Each Fab antibody was precipitated from the supernatant of the culture medium with 60% saturation of ammonium sulfate and then dissolved in HBS-EP (10 mM HEPES pH 7.4, 150 mM NaCl, 50 µM EDTA, and 0.05% Tween 20) at 10 times the volume of the original supernatant. Association and dissociation kinetics were analyzed using LSA (Carterra). Each Fab antibody was immobilized on the spot of the NiHC200M biosensor (Carterra) for 5 min. All the samples were immobilized and measured in duplicate. Measurements were performed using HBS-EP at 25 °C. hPD-1 or mPD-1-Fc was introduced as an analyte using a fourfold dilution series of four or five steps over a concentration range of 1–1024 nM (hPD-1) or 4–1024 nM (mPD-1-Fc) without regeneration. The association and dissociation times were 10 and 5 min, respectively. The sensor chip was regenerated using 0.5 M EDTA and 0.1 M NaOH and subsequently reused multiple times. Acquired data were analyzed using Kinetics Software (Carterra).
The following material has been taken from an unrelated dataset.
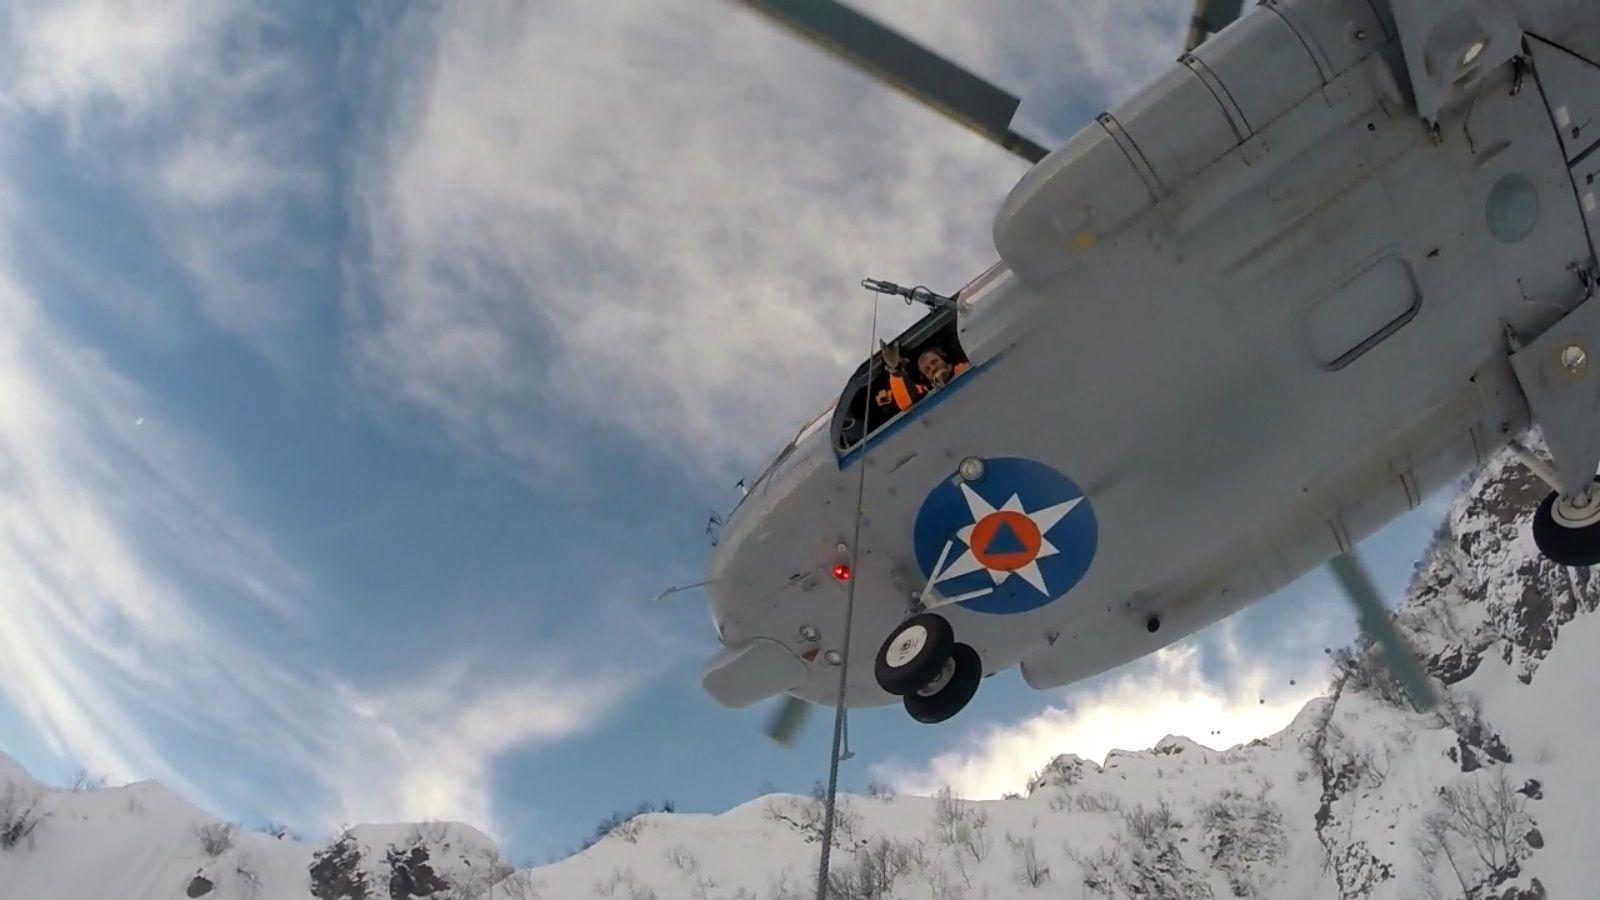 ВСочи cотрудники экстренных служб МЧС эвакуировали навертолете 2-х москвичей-сноубордистов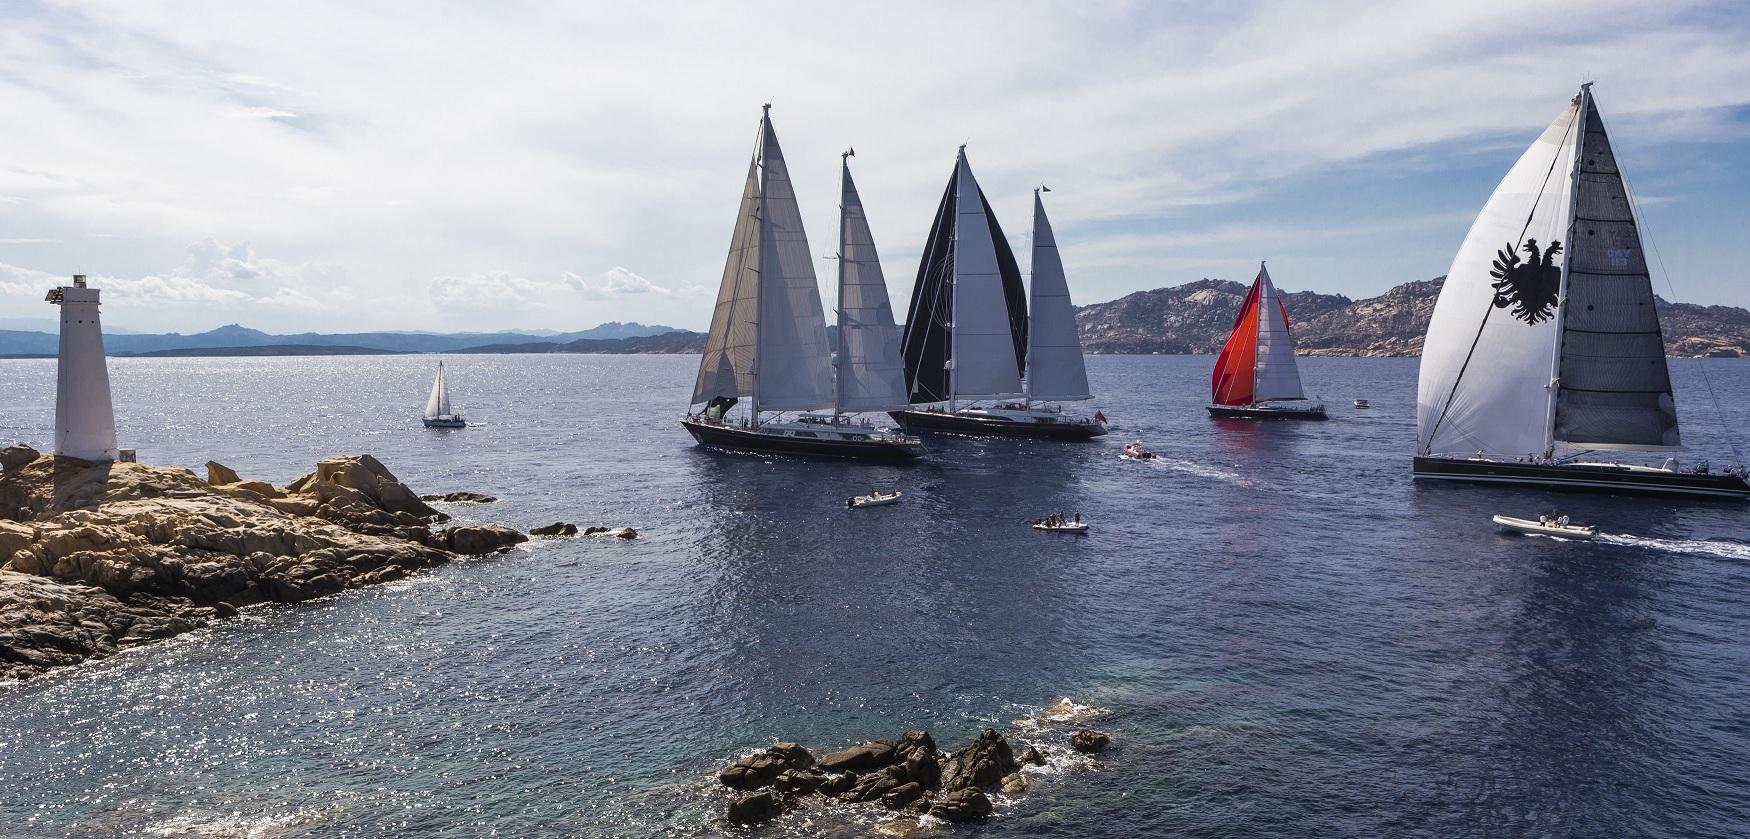 PERINI NAVI PRESENTA LA SESTA EDIZIONE DI PERINI NAVI CUP - NEWS - Yacht Club Costa Smeralda

Each sensorgram was analyzed using the following two methods, and the method with the most appropriate fit was selected to obtain the kinetic parameters.

To analyze interactions with slow dissociation, no correction was made for the starting response at each analyte concentration. The entire range of the dissociation phase was analyzed. The sensorgrams were fitted with kdka model with “Float t0” and “Float Rb (Bulk Shift)” options enabled.

To analyze the interactions with fast dissociation, the starting response at each analyte concentration was corrected to 0 RU. The dissociation time for the analysis was 1 min. The sensorgrams were fitted with kdka model with “Float t0” and “Float Rb (Bulk Shift)” options disabled.

Dataset construction

To facilitate the analysis, kon was set to 103 Ms−1, koff to 10−2 s−1, and Rmax to 100 RU for data in which binding was not confirmed using SPR, and the SPR parameters and sequence information were integrated. For the SPR parameters from the same construct, the respective medians of kon, koff, and Rmax were calculated and summarized as a dataset (Supplementary Table S2), and KD was calculated from the obtained kon and koff (koff/kon).